Château de Combourg is a medieval castle in the commune of Combourg in the Ille-et-Vilaine département of Brittany, France. The castle stands on a small hill next to Lac Tranquille ("Lake Tranquil") in the town of Combourg.

==History==
The castle was built around 1025 by Guinguené, the Archbishop of Dol. He gave it to his illegitimate brother Riwallon, the first Lord of Combourg.

The castle was made famous by François-René de Chateaubriand, the renowned French writer and politician, whose family had acquired the property in 1761, and it is where he spent part of his childhood. From his descriptions of the castle, it has come to be considered "the birthplace of Romanticism". Chateaubriand wrote in his Memoirs from Beyond the Grave, "I became what I am in the woods of Combourg."

In 1876, Count Geoffroy de Chateaubriand, grandson of François-René's eldest brother (Jean-Baptiste de Chateaubriand), undertook its restoration.
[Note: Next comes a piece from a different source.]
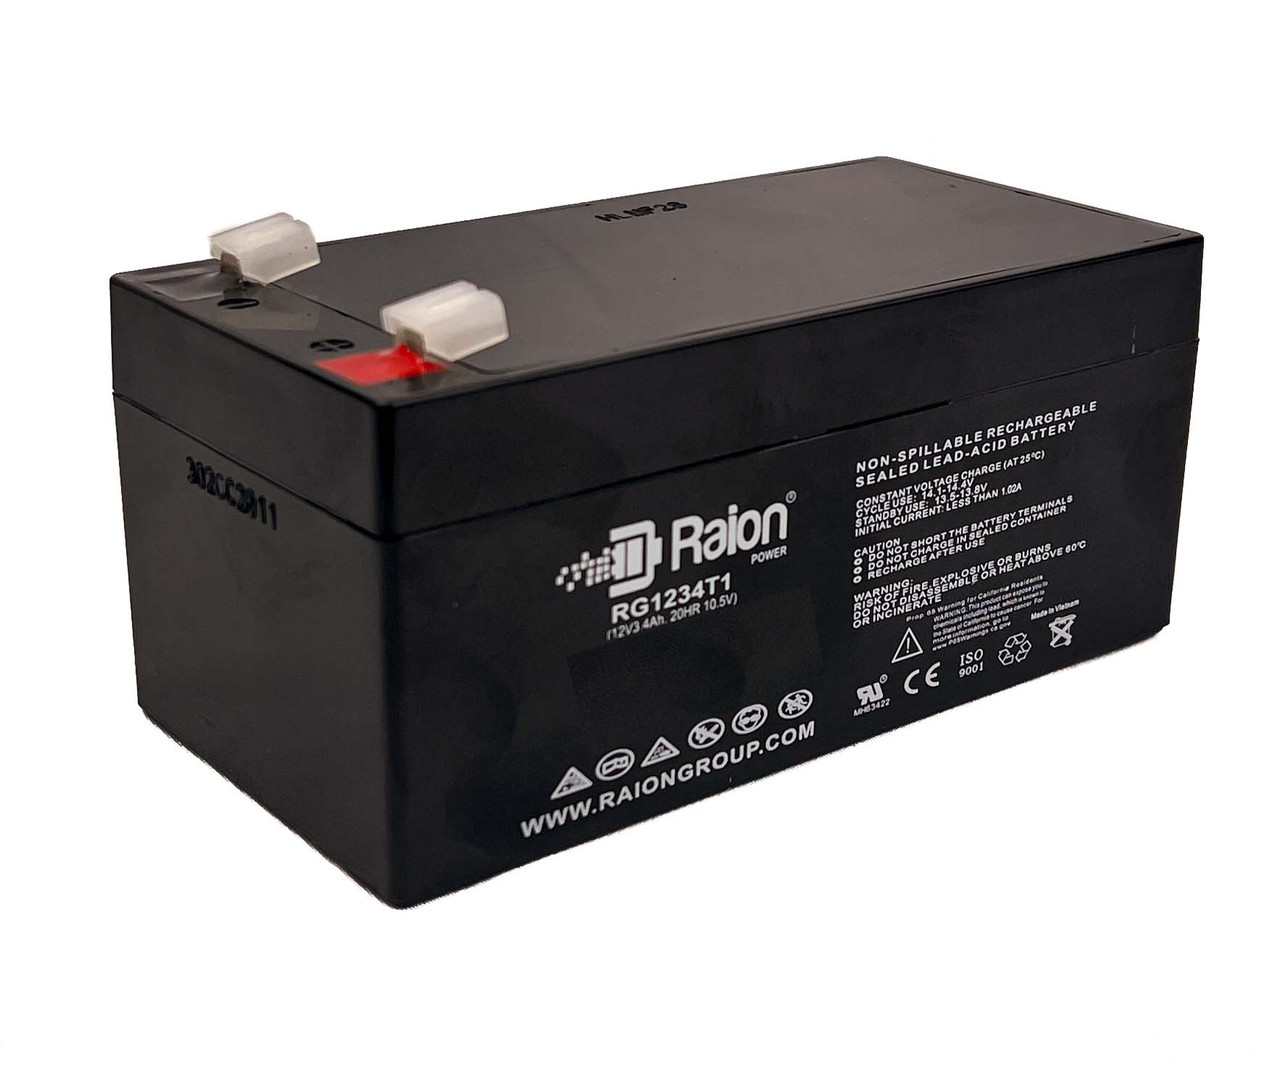 Raion Power 12V 3.4Ah Non-Spillable Replacement Battery for Criticare Systems 601, 602 IQ Poet Pulse Oximeter

The project was led by a prominent French architect, Eugène Viollet-le-Duc, whose other restorations included the cathedral of Notre Dame de Paris, the abbey of Mont Saint-Michel, the medieval city of Carcassonne, and the castles of Pierrefonds and Vincennes.

Privately owned, the castle is listed as a monument historique by the French Ministry of Culture.